Feeling overwhelmed by all the videos and all the options? Unsure where to start?

We are here to help!

Our workouts are broken down into the following categories:

  • Fitness – Strength, Cardio & Abs Challenge
  • Yoga – Strength, Flexibility, Relaxation & Pre Natal
  • Pilates
  • Martial Arts

Each workout is designed to be completed more than once. We suggest you should complete each workout at least 4 to 5 times which means you have over 140 workouts to complete.

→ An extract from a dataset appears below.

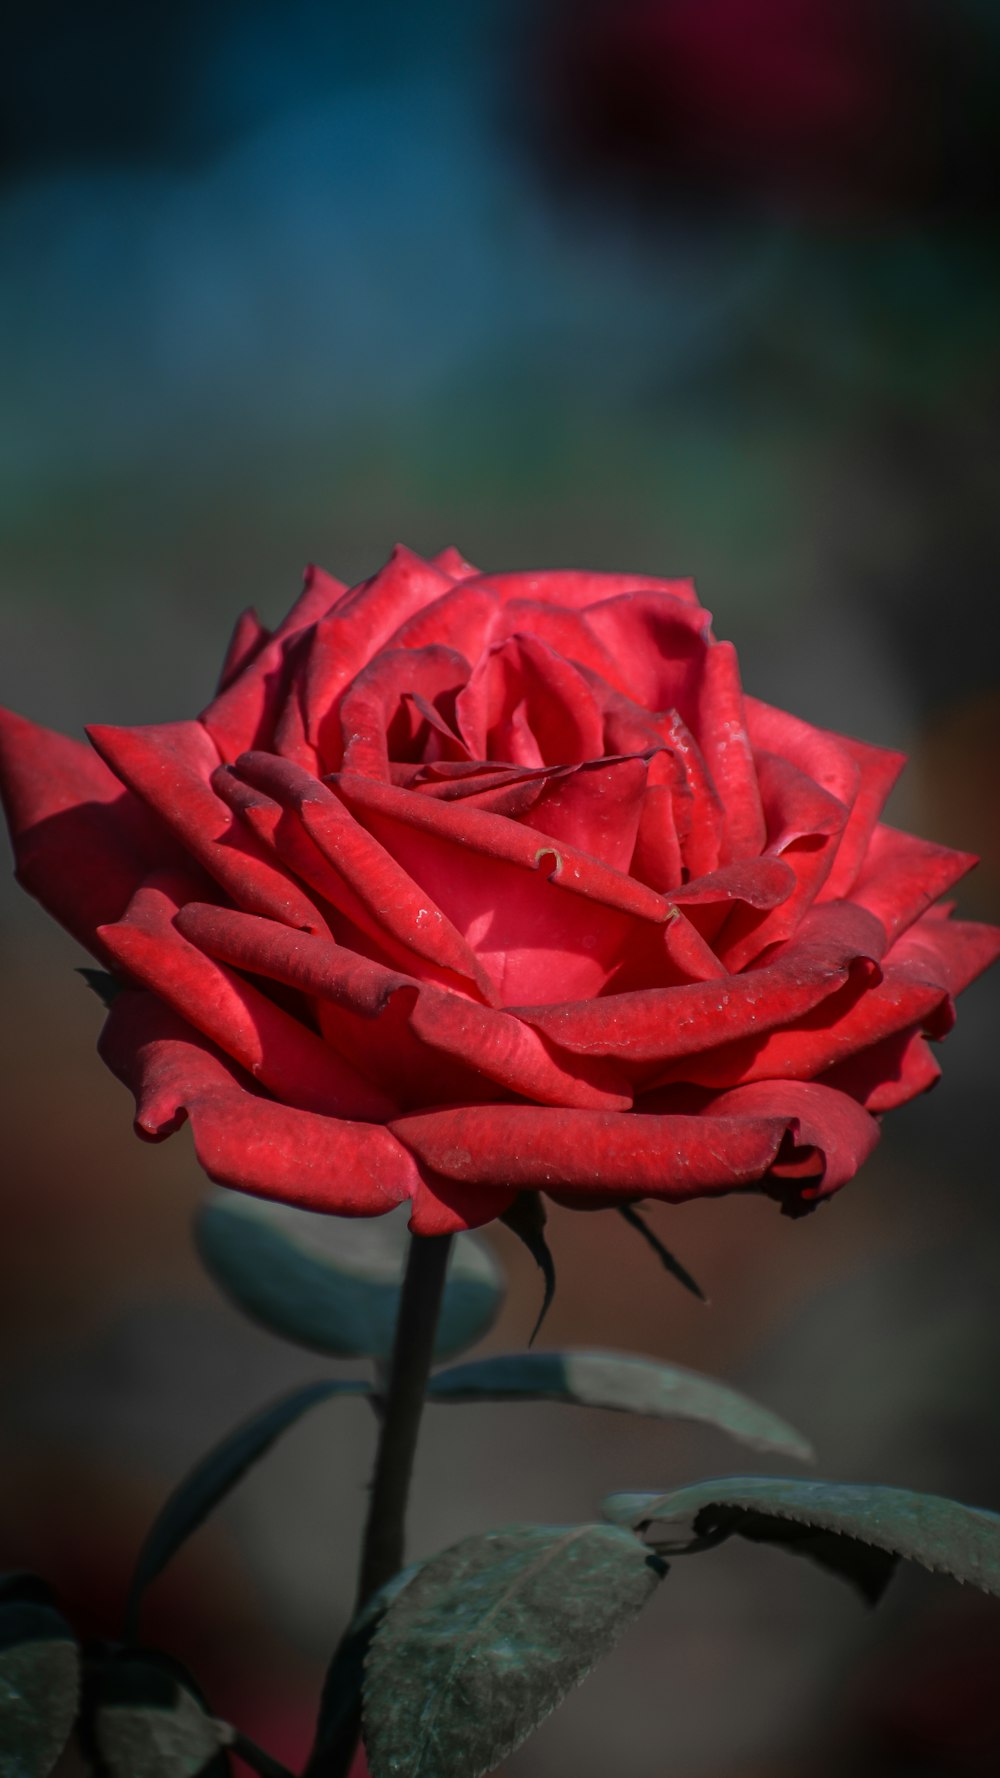 a close up of a red rose with a blurry background

Hopefully, you’ll see a slight improvement in your own abilities each time you redo the same workout.

But of course, you’ll most likely develop your own favorite workouts and want to keep on repeating them for eternity. You are free to complete as many different workouts as many different times as your heart & body desire. After all – Anyone, Anywhere, Anytime is our motto. 

We regularly add new workouts across all categories in both English & Thai. So, you will never run out of new & exciting workouts to try.

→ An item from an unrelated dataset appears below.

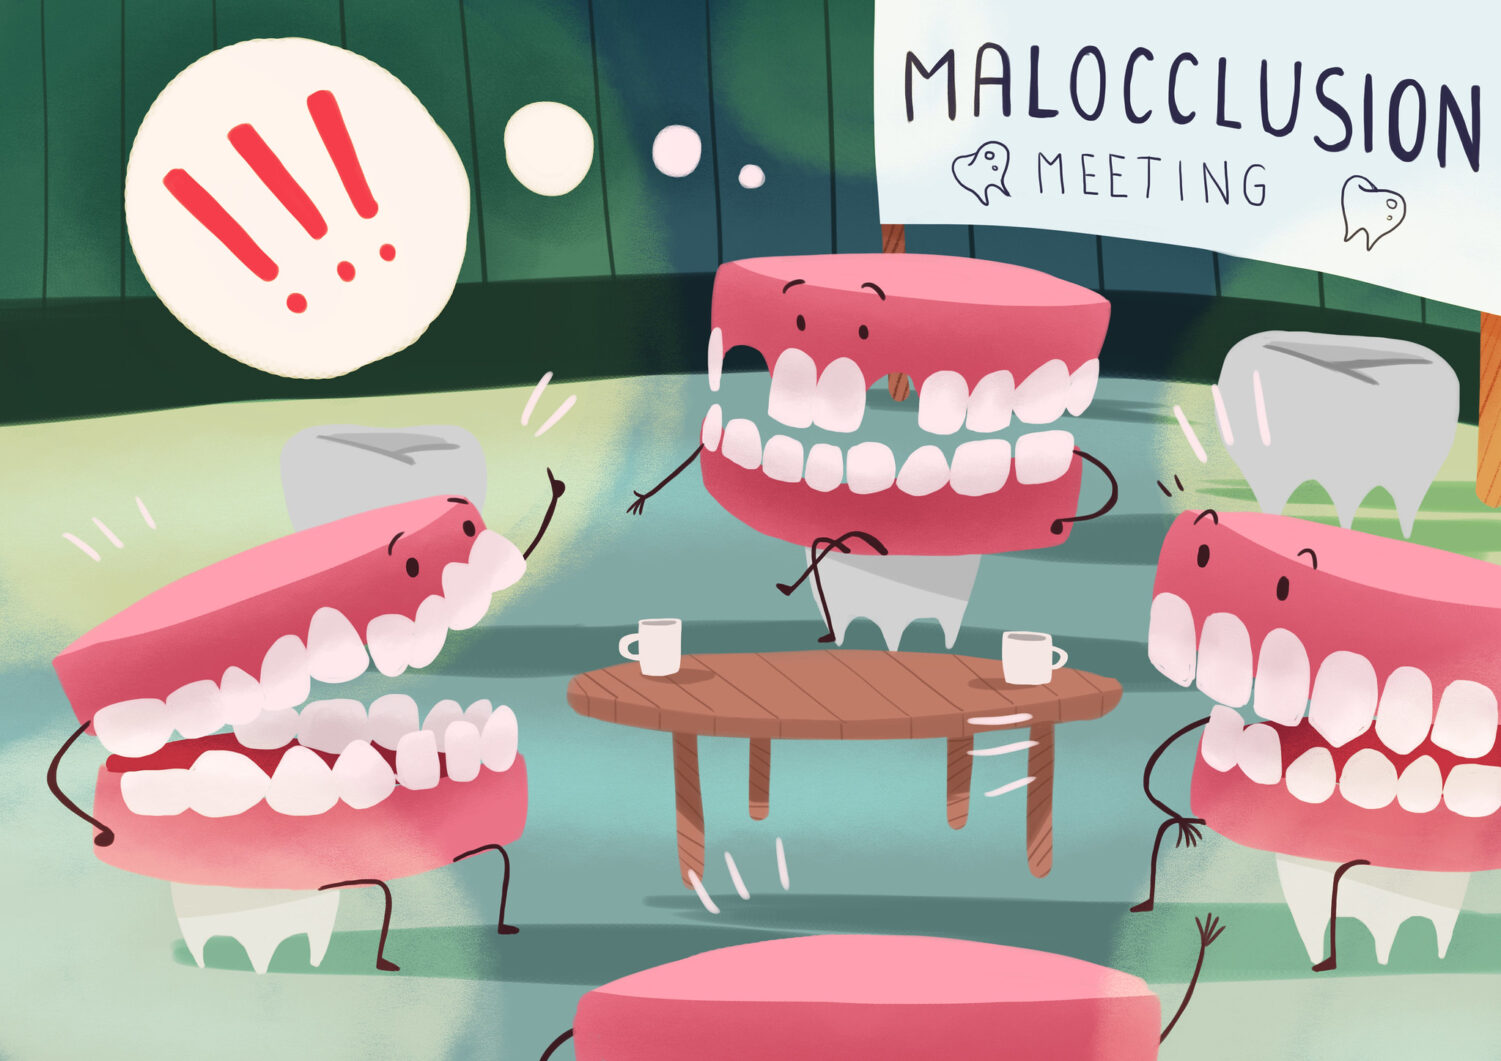 graphic illustration of 3 dental arches with teeth meeting at a "malocclusion meeting"

Here is a sample plan of where to start depending on your own experience

If you are a beginner to exercise or have taken an extended time off, consider the following regime:

Week 1 – 1x flexibility yoga, 30 minute walk every other day
Week 2 – 1x flexibility yoga, 1x strength yoga, 30 minute walk every other day
Week 3 – 1x yoga (any), 1x strength (any), 30 minute walk every other day
Week 4 – 1x yoga (any), 1x strength (any), 1x cardio (any), 30 minute walk every other day
Week 5 – repeat week 4

After 5 weeks, reassess how you are feeling? Are you sore? Which videos have you found most challenging? Are you feeling more energised from your workouts?

Only you will know how many workouts you thrive off and how quickly you recover. If life is feeling stressful, you might opt for more yoga than cardio or strength.

If you’re feeling fresh and energised, maybe you can tolerate more of the cardio workouts!

Important Note: Before commencing any physical activity that may impact your health, and especially if you are returning to exercise after any injury or period of inactivity, you should consult your medical professional.